Heather learn the word aloud at a Texas Department of Family and Protective Services Council assembly earlier this yr after Gov. Greg Abbott directed the company to open child abuse investigations on dad and mom who present gender-affirming care to their children. Cass identifies as nonbinary and makes use of the pronouns “they” or “them.” After their suicide try, they have been identified with extreme gender dysphoria and started receiving gender-affirming care. Currently, Abbott’s order largely can’t be enforced as a court challenge plays out.
But the directive adopted years of Texas officers and lawmakers repeatedly targeting transgender Texans with laws and orders which have sought to restrict all the pieces from school sports participation to well being care entry.

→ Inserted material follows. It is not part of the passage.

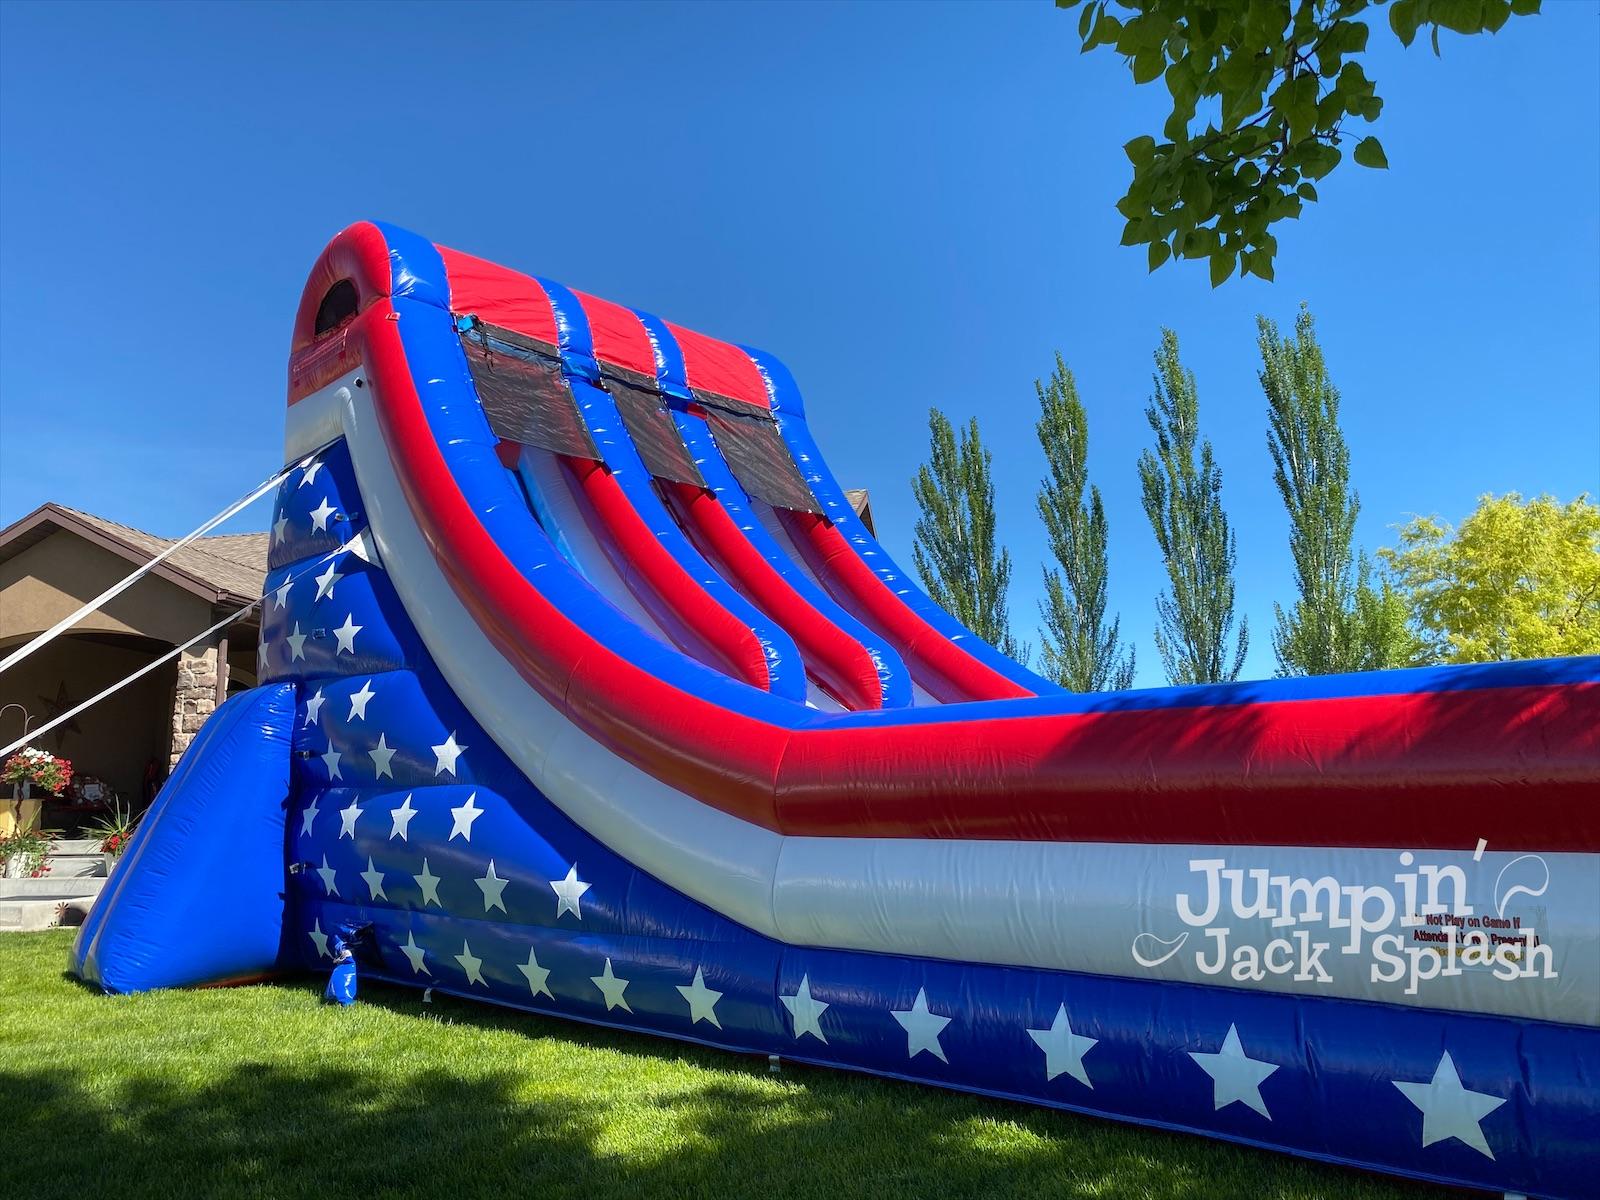 Jumpin Jack Splash 18ft Double Lane Water Slide. All American Water Slide

That’s why the Crawford family determined to maneuver out of Texas forward of one other legislative session. And that’s why Heather picked up Cass, gave them medicine for anxiousness assaults and solemnly continued packing up their life in Central Texas, the place Heather and her husband each grew up.
“We don’t feel safe here,” Heather mentioned. “It took me a long time to apply the term ‘political refugee’ to our situation, but I think we meet the definition.”
Before the family left, associates got here from so far as Houston and Dallas to say goodbye to Cass and want them effectively with their new life in Minnesota, 1,200 miles away.
Cass tried exhausting to make connections at their new college in St. Paul. But it’s tiring, they mentioned, and awkward to elucidate to new individuals they meet. They’re nonetheless unhappy about what occurred, and for the spring semester, the family has determined to maintain Cass house and enroll them in a web-based highschool.
“What I would want people to take away from this,” mentioned Cass from their new house in Minnesota, “is how much this is hurting me.”